Steps to prepare a list of unique codes:
- Open the source file in Excel, in this case,
compustat.xlsx
. - Open a new blank workbook as well.
- Choose the column of codes you wish to use. For us, this is the CUSIP codes in column H.
- We want to select all the codes but not the header row. Click in the first first cell with data (H2) then hold Shift + Control + Down arrow. (On a Mac, replace the Control key with the Command key.) You will see a green selection box around the data, all the cells have a grey highlight except the first one.
- Copy the selection and paste it into the new blank workbook.

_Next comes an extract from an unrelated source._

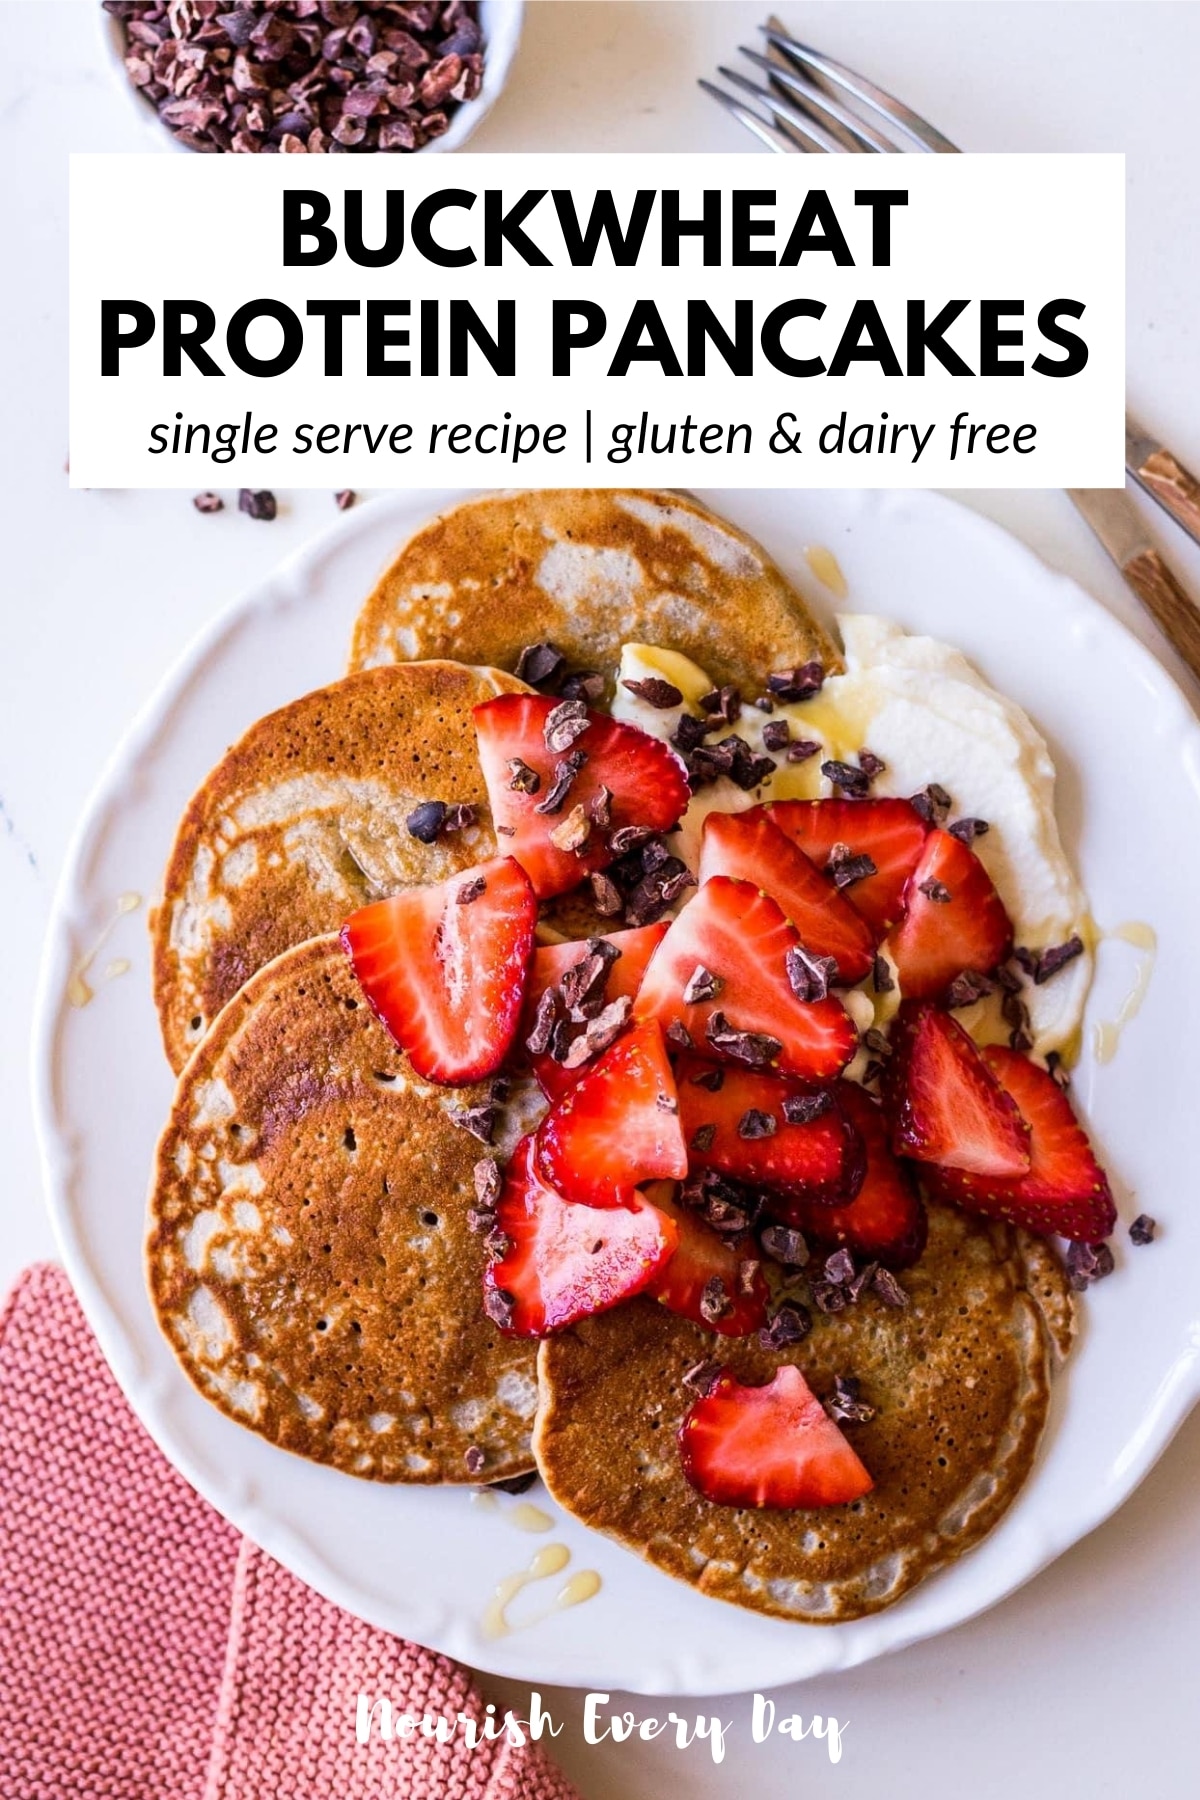 Buckwheat Protein Pancakes Recipe Pinterest Image

- Next we will remove all duplicate codes. In the new workbook, click on the ‘Data’ tab, go to the ‘Data Tools’ group and click on ‘Remove Duplicates’.
- The ‘Remove Duplicates’ window appears. Make sure that the ‘My data has headers’ box remains unticked and click the ‘OK’ button. You will be informed how many values were removed (15) and how many unique values remain (3). Press ‘OK’.
- Save the workbook to the same folder as before but make sure to choose ‘Save as type’ as ‘Text (Tab delimited) (*.txt)’ and filename
cusips.txt
. Since there is only one column, we will not see any tabs or commas delimiting the columns. When you are asked to confirm saving in this format, choose ‘Yes’.
Activity 3
- Open the
compustat.xlsx
file you created in Activity 2 in Excel. Use it to prepare a unique list of CUSIP codes as described above. - It is good practice to also sort the list at this point. There is a ‘Sort’ button in the ‘Data’ of Excel.
- Save the file as
cusips.txt
(as a plain text file).
You now have a list of companies codes. We will use this new file in Part 3.